The task
Print out the data precisely as it appears here, with no pictures.
━━ Supplied information ━━
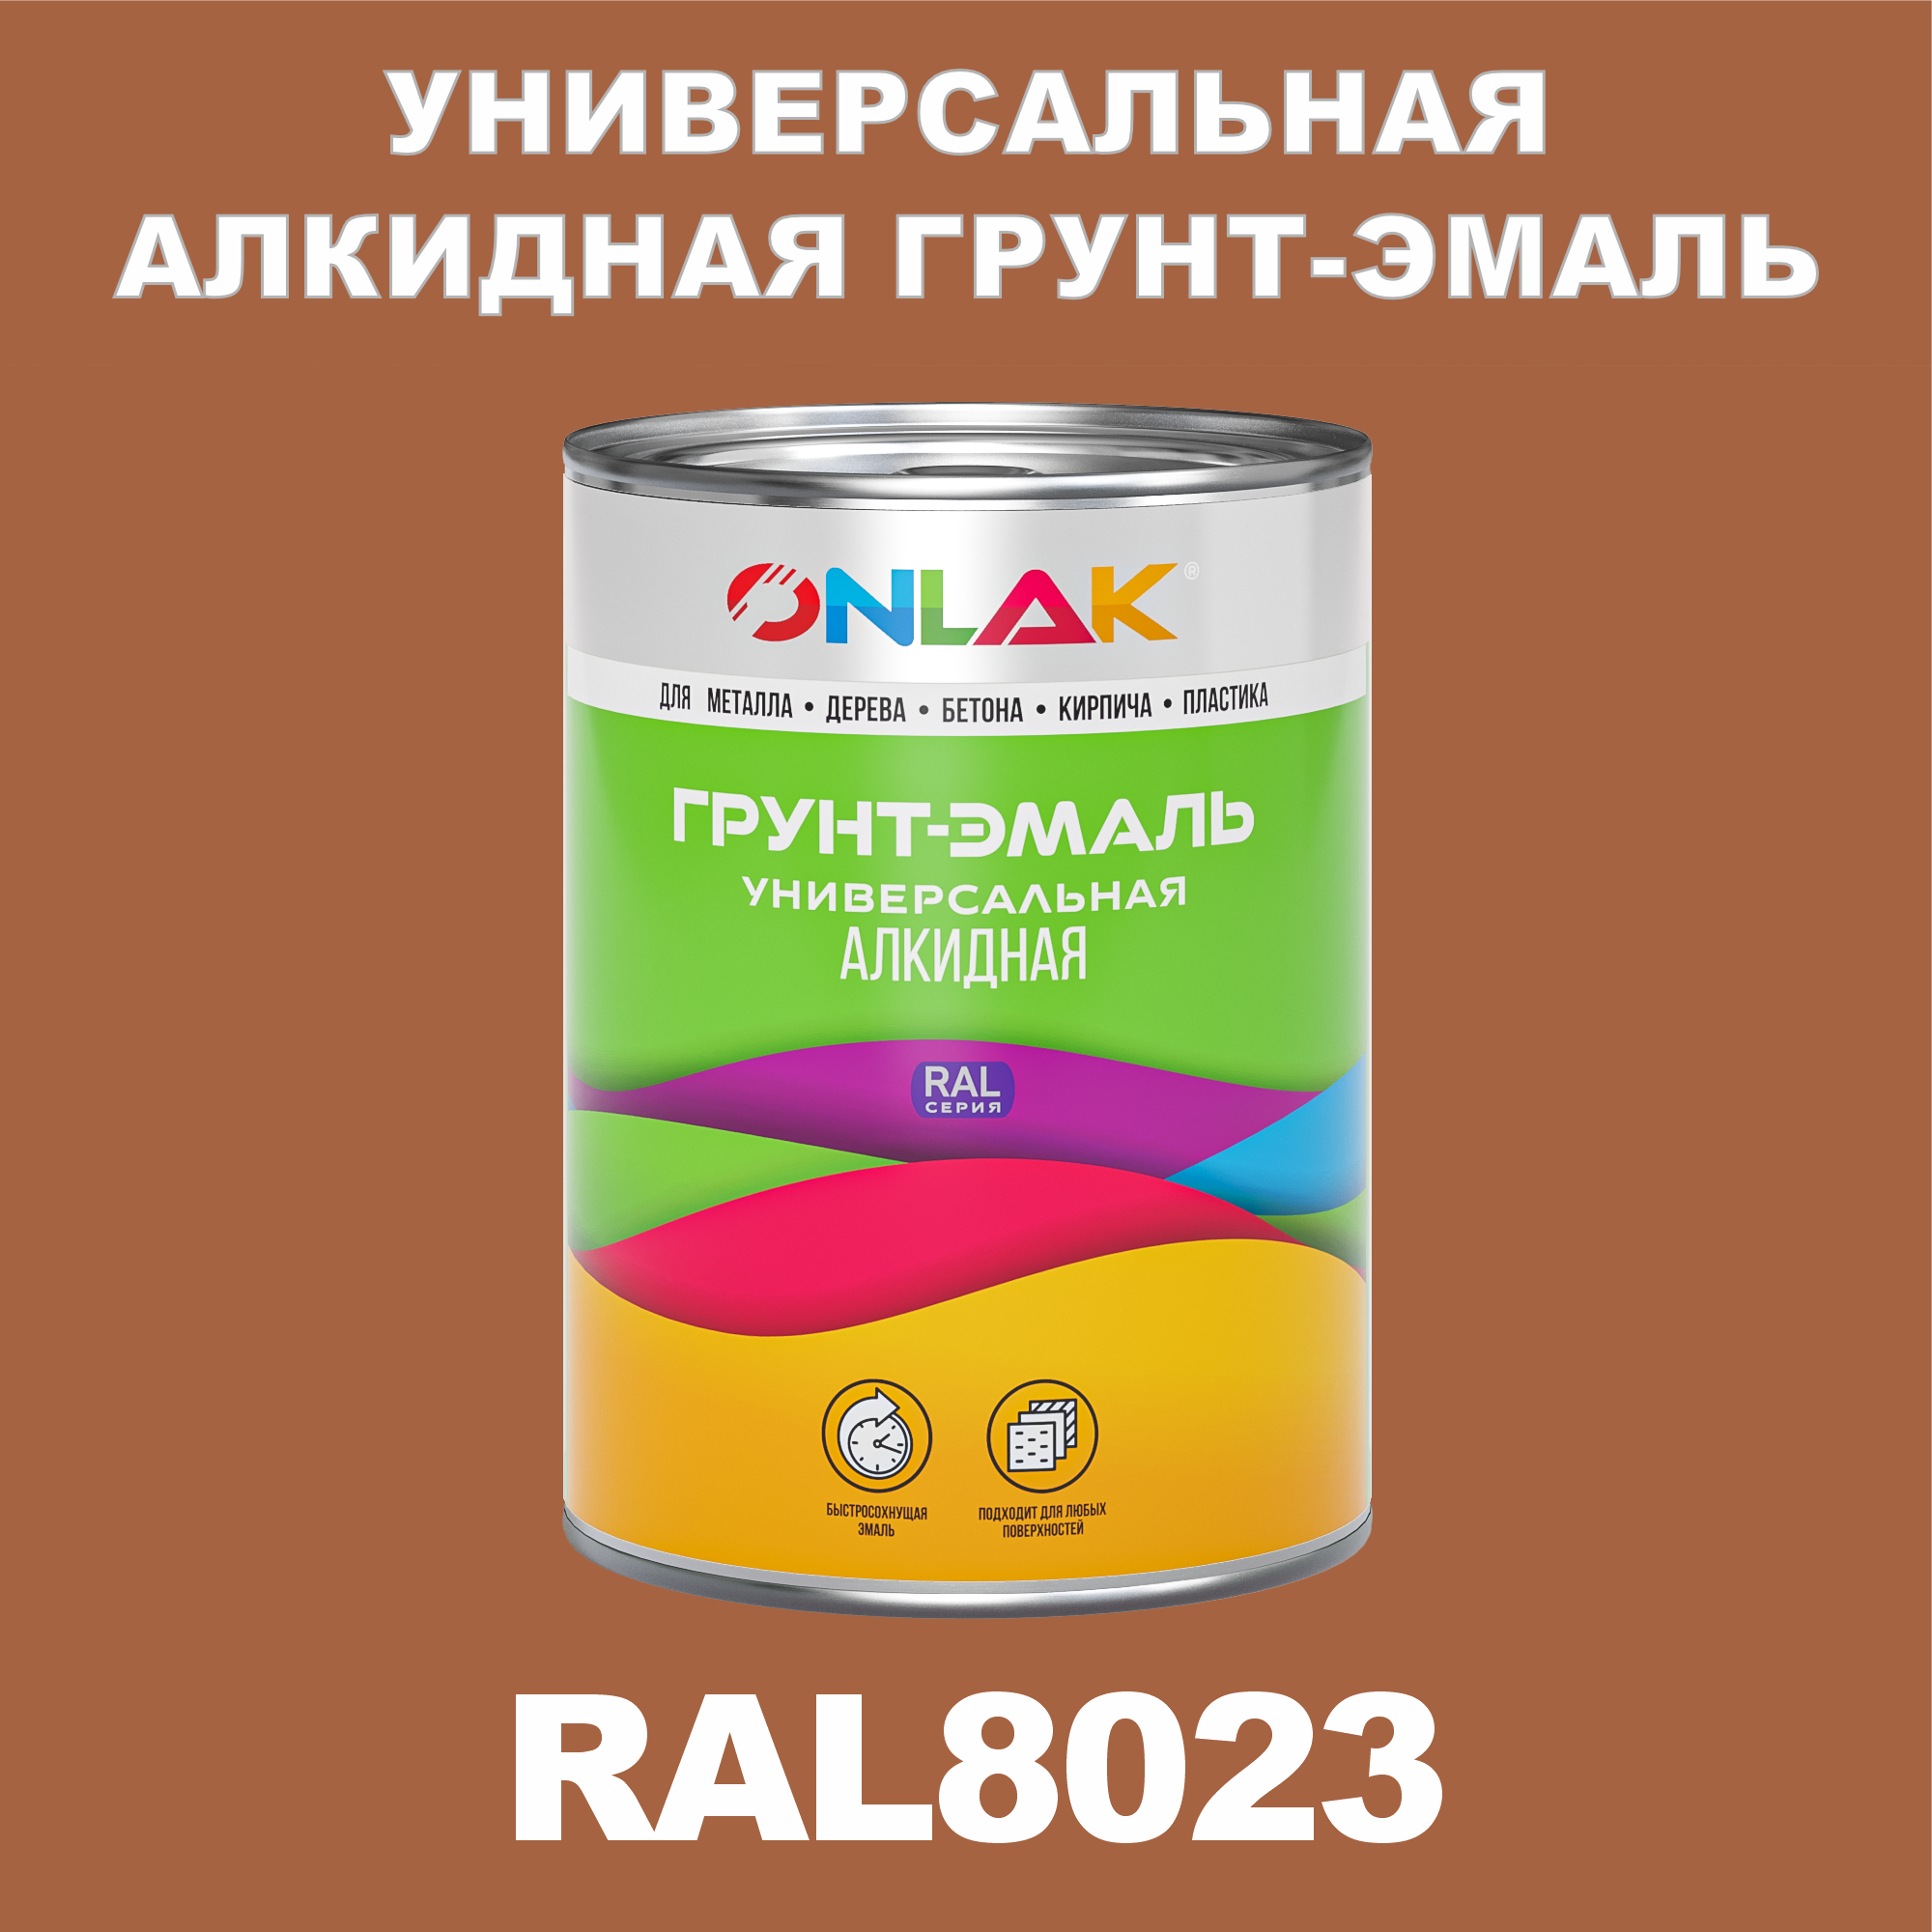 Грунт-эмаль ONLAK 1К RAL8023 антикоррозионная алкидная по металлу по ржавчине 1 кг грунт эмаль neomid по ржавчине быстросохнущая алкидная серая 0 9 кг
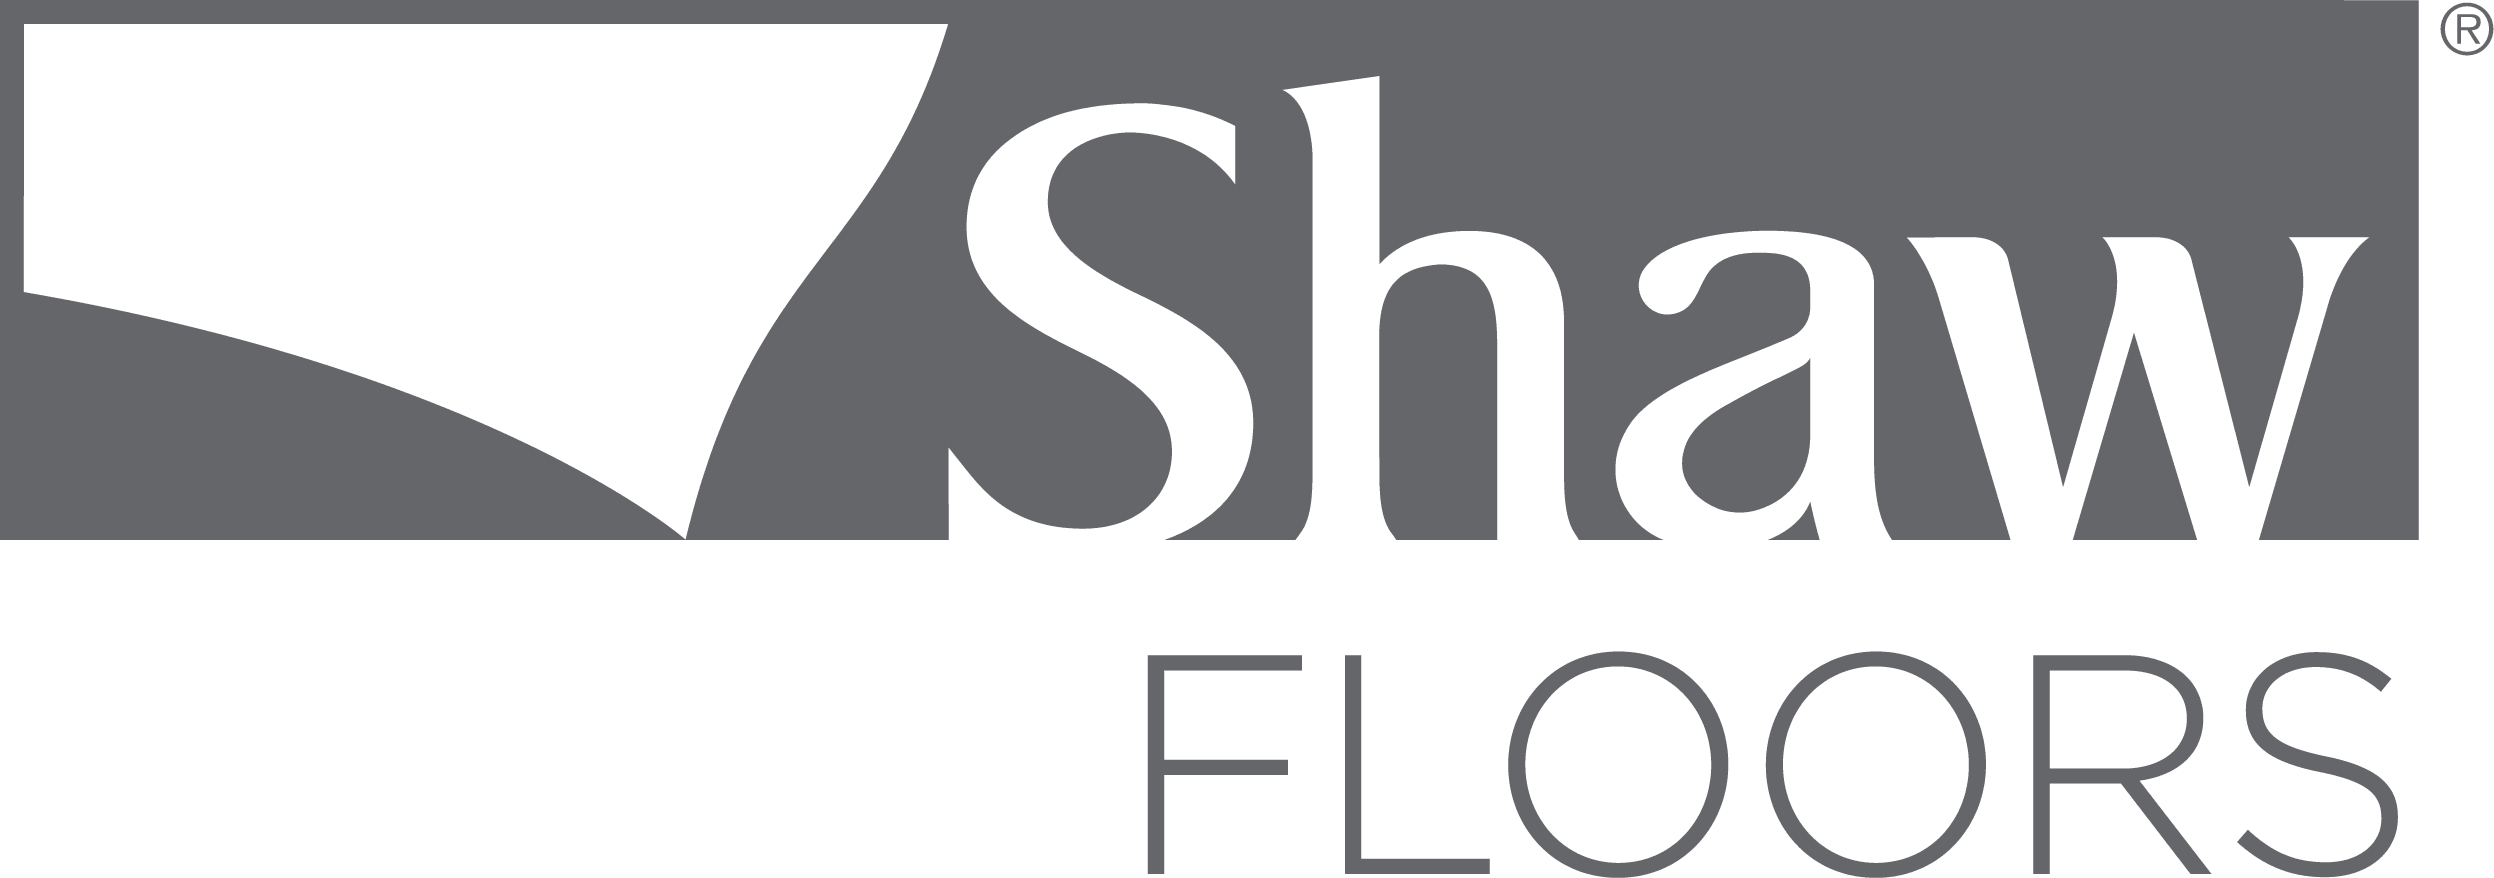 Shaw floor logo
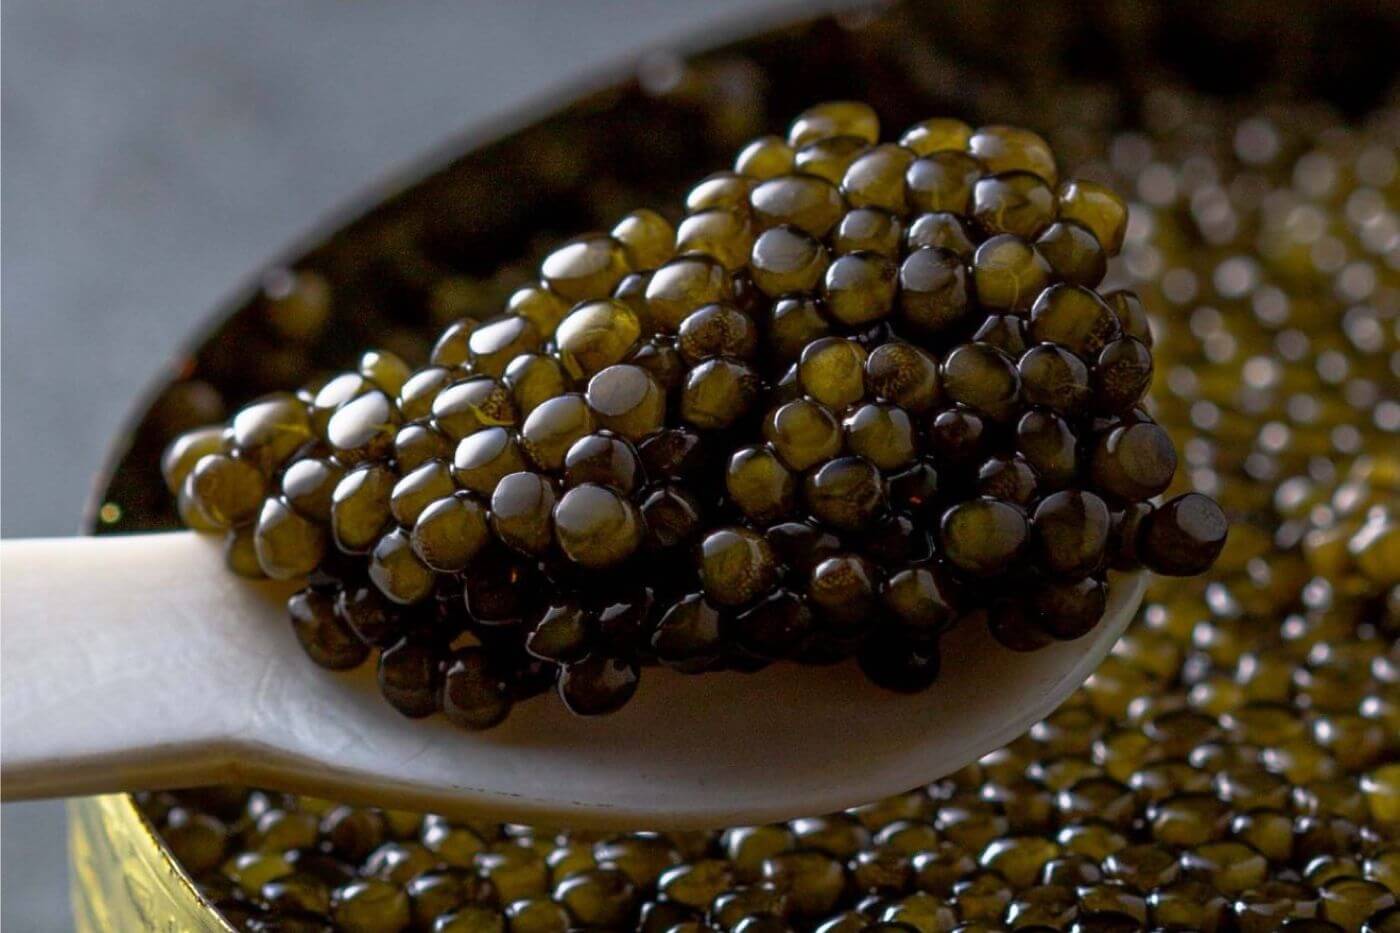 Kaluga Caviar: The Ultimate Guide
━━━
Written response
 Грунт-эмаль ONLAK 1К RAL8023 антикоррозионная алкидная по металлу по ржавчине 1 кг грунт эмаль neomid по ржавчине быстросохнущая алкидная серая 0 9 кг
 Shaw floor logo
 Kaluga Caviar: The Ultimate Guide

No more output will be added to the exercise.